(Stored data)

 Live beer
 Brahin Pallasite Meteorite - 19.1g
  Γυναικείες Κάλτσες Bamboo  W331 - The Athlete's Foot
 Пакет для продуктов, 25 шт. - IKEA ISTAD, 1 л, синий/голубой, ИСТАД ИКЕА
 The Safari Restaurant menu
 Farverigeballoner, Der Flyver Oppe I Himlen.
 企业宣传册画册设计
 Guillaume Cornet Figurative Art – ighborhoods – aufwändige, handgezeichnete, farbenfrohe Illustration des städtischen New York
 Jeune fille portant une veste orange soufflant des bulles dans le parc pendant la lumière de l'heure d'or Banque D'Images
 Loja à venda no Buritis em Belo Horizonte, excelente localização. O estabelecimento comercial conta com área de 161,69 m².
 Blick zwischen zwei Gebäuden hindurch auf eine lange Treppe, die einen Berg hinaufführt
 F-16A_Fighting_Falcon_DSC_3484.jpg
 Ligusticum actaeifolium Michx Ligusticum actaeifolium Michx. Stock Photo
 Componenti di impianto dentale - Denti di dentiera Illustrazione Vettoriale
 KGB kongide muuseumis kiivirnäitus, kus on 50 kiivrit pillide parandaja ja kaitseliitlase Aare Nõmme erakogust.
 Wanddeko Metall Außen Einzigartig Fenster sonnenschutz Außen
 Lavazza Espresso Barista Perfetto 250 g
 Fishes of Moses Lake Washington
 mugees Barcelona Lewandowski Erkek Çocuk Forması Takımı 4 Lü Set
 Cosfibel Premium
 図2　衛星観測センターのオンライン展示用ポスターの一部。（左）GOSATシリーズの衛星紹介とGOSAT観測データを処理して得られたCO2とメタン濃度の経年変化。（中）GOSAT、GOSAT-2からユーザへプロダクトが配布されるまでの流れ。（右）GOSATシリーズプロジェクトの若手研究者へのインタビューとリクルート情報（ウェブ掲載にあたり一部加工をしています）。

**WORK TASK:**
Once the line with "Γυναικείες Κάλτσες Bamboo" is found in the records above, print exactly that line and every line after it through the line with "Jeune fille portant".

**EXPECTED ANSWER:**
  Γυναικείες Κάλτσες Bamboo  W331 - The Athlete's Foot
 Пакет для продуктов, 25 шт. - IKEA ISTAD, 1 л, синий/голубой, ИСТАД ИКЕА
 The Safari Restaurant menu
 Farverigeballoner, Der Flyver Oppe I Himlen.
 企业宣传册画册设计
 Guillaume Cornet Figurative Art – ighborhoods – aufwändige, handgezeichnete, farbenfrohe Illustration des städtischen New York
 Jeune fille portant une veste orange soufflant des bulles dans le parc pendant la lumière de l'heure d'or Banque D'Images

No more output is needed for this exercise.